Practically everyone today is well-informed in regards to the Zika epidemic that had originated from Africa. When the Zika virus finally spread to America, it has left more than 2,000 infants with brain damage. However, there is a virus that is far more dangerous than Zika, especially to pregnant women and their infants. Cytomegalovirus, or CMV, is the most common viral infection that is present in birth and the leading non-genetic cause of deafness in children. Annually 20,000-40,000 infants are born with CMV, with at least 20% of the infants developing permanent disabilities such as deafness, microcephaly, deficits and abnormalities in intellect and vision. However for such a dangerous disease, why is there no known vaccine for it?
According to Dr. Mark R. Schleiss, the director of pediatric infectious diseases at the University of Minnesota Medical School, "Everyone and their brother knows about Zika, but it's very rare in the U.S." In fact, only 900 pregnant women in the US have contracted the Zika virus in comparison to CMV. He argues that CMV is just as dangerous as Zika and a vaccine should have been made a long ago. However, there isn't one due to the lack of public awareness about CMV. Less than half of gynecologists tell pregnant patients how to avoid CMV, yet in contrast, doctors have advised every precaution available for the Zika virus.

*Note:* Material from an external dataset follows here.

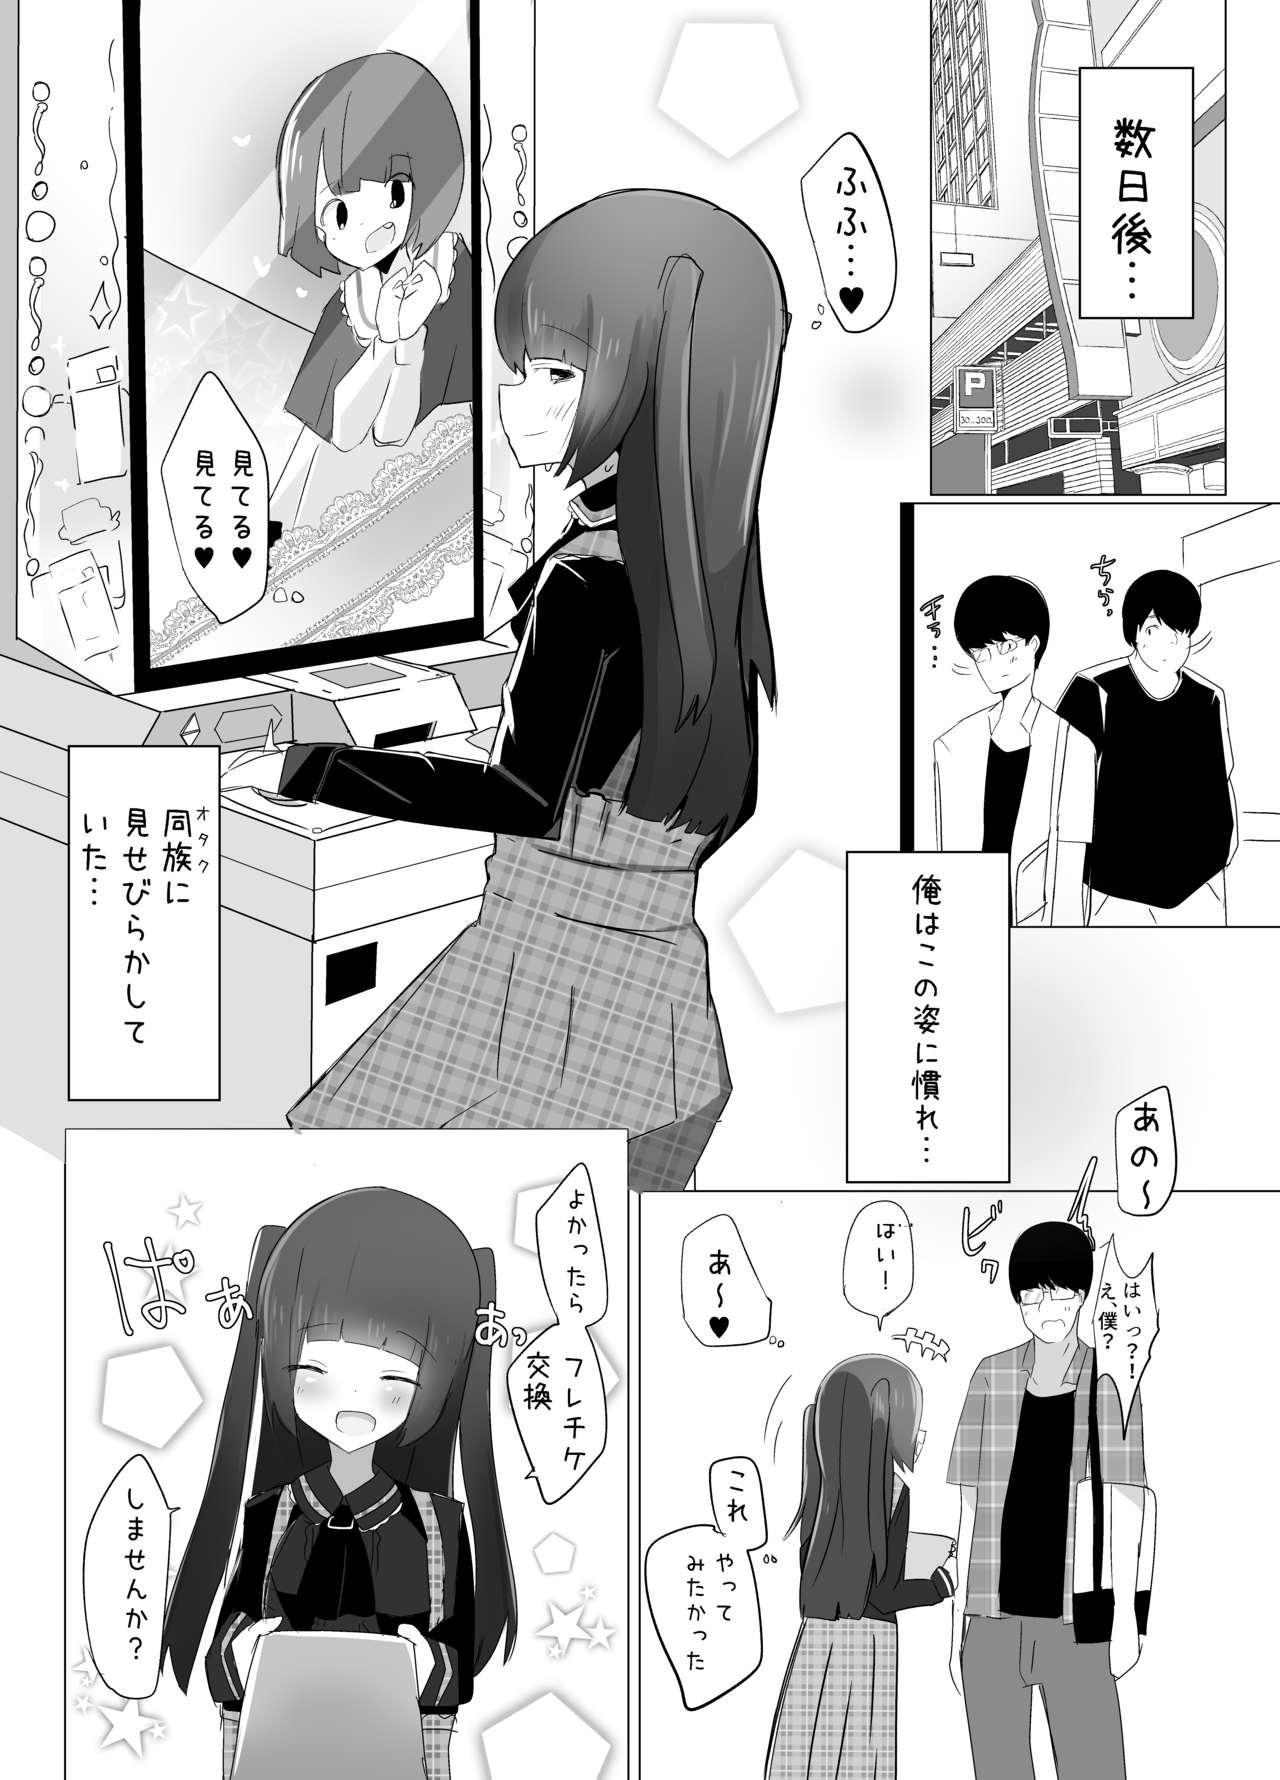 TS Hime wa Okasaretai. 2
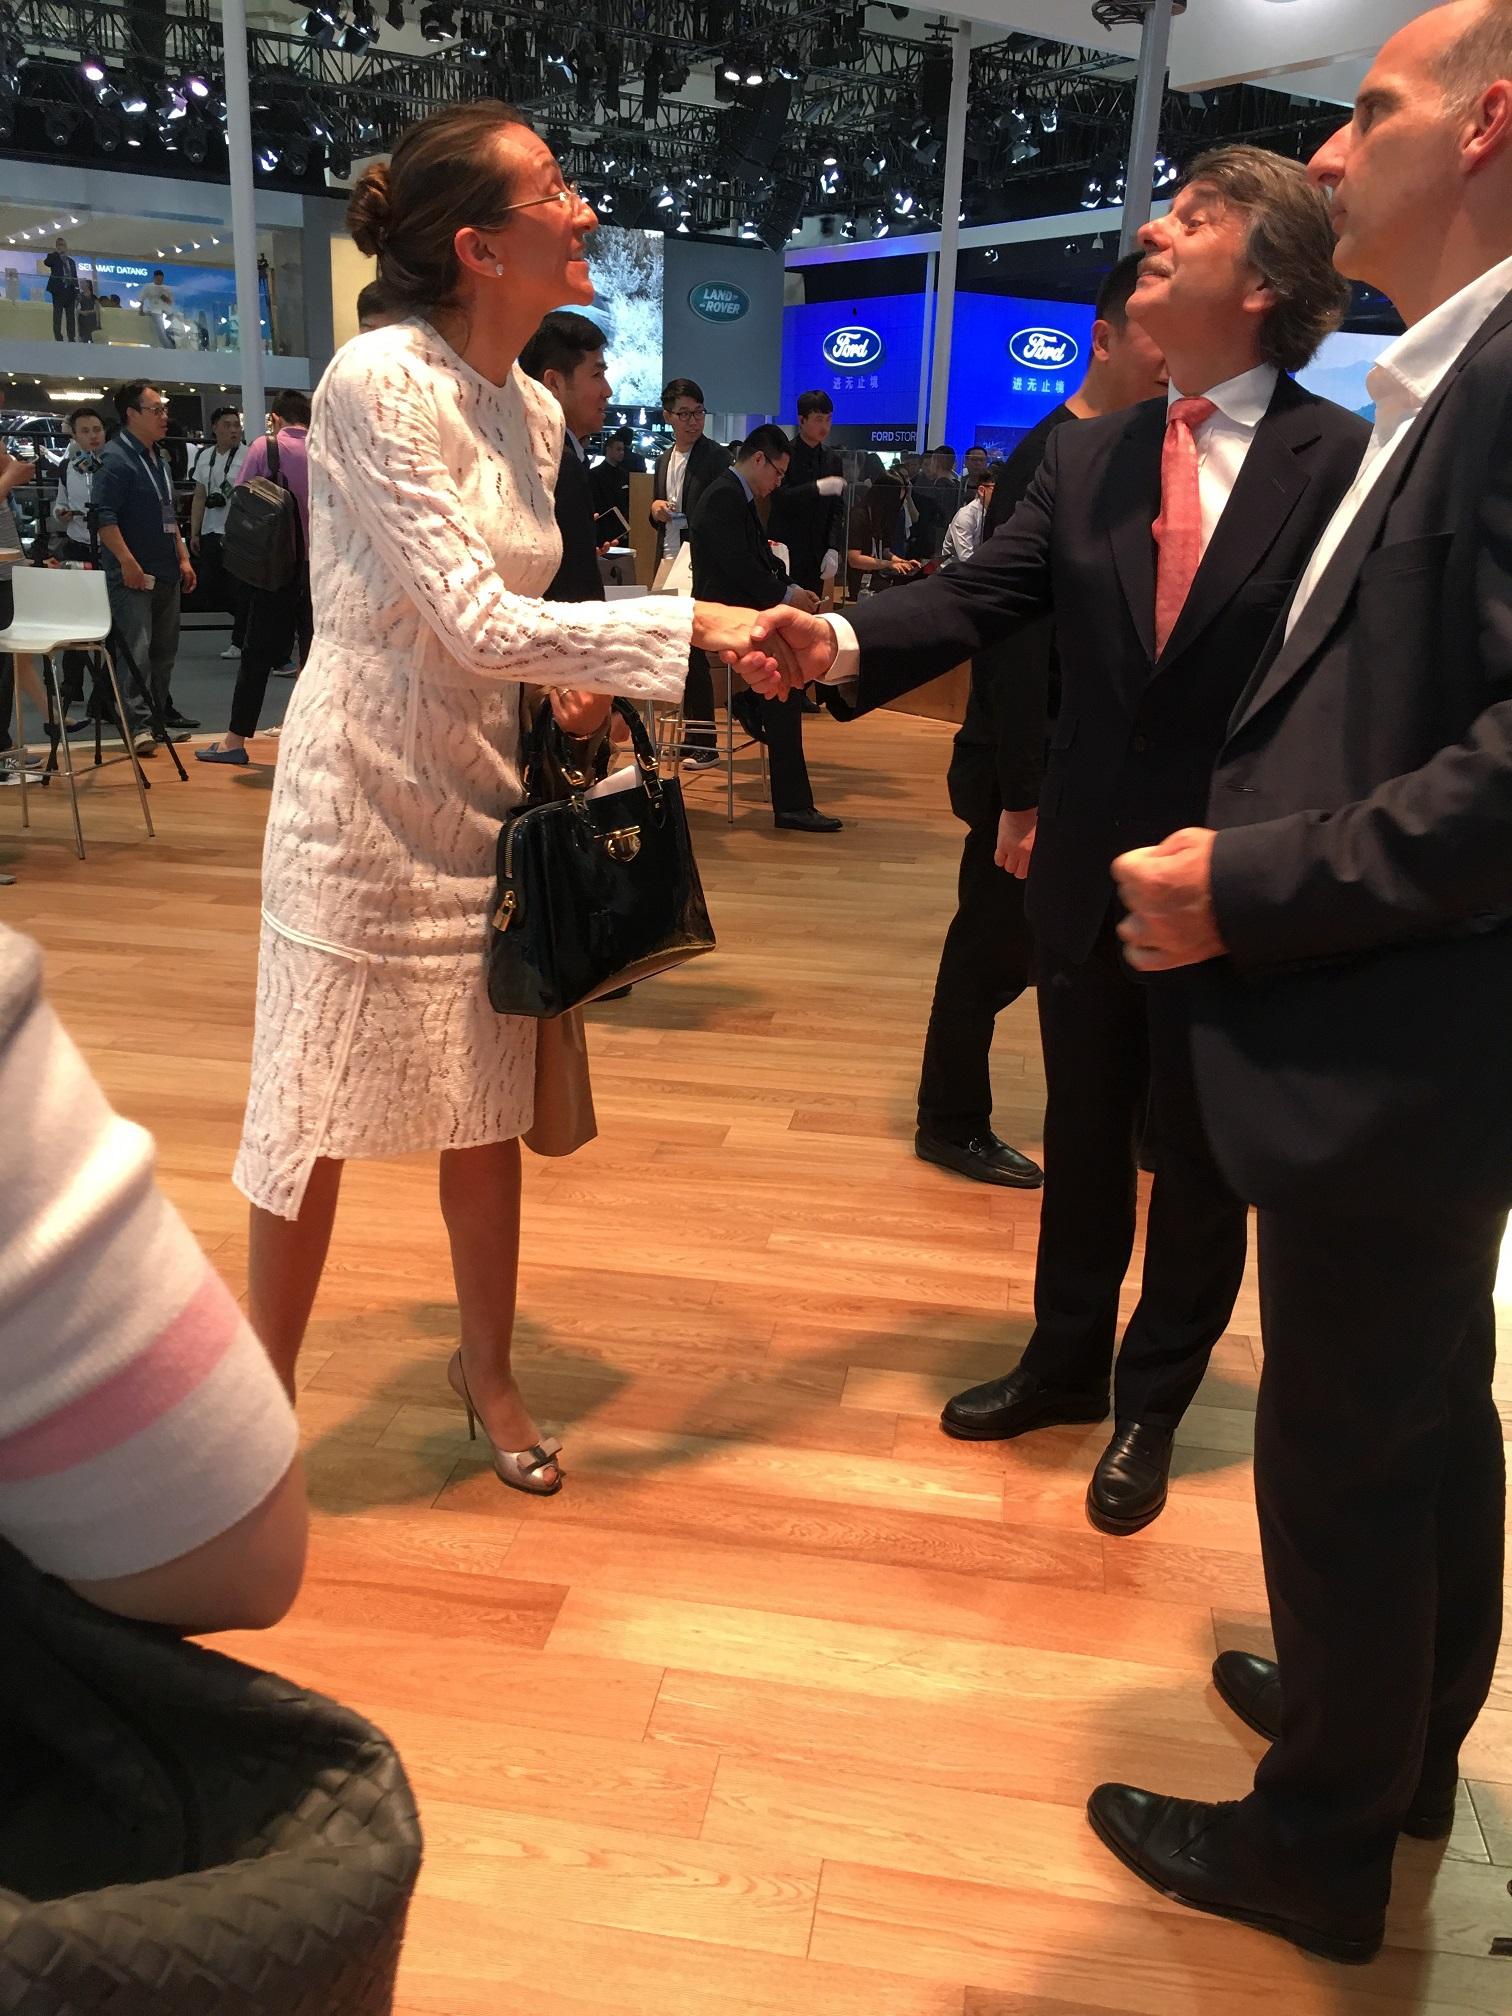 Vanessa Moriel greets Ralf Speth, Global CEO of Jaguar Land Rover.

CMV is a member of the herpes family and is often transmitted by contact with saliva and urine, often between children and adult. According to the statistics for CMV, nearly 1 in 3 children are infected by age 5 and more than 50% of adults by age 40. Like Zika, it can remain in the body permanently and can cause mild flu-like symptoms but can be detrimental to pregnant women.
Luckily, it has been discovered that antiviral drugs can reduce the effects of CMV symptoms upon being detected early on. However, there is still no known cure for CMV. Experts however are pushing for routine screening of newborns for CMV and developing guidelines to advise pregnant woman in preventing CMV. Despite being lesser known than Zika, CMV still should not be taken lightly and more public awareness should be made in hopes of developing a vaccine for such a lethal viral infection in pregnant women and newborns.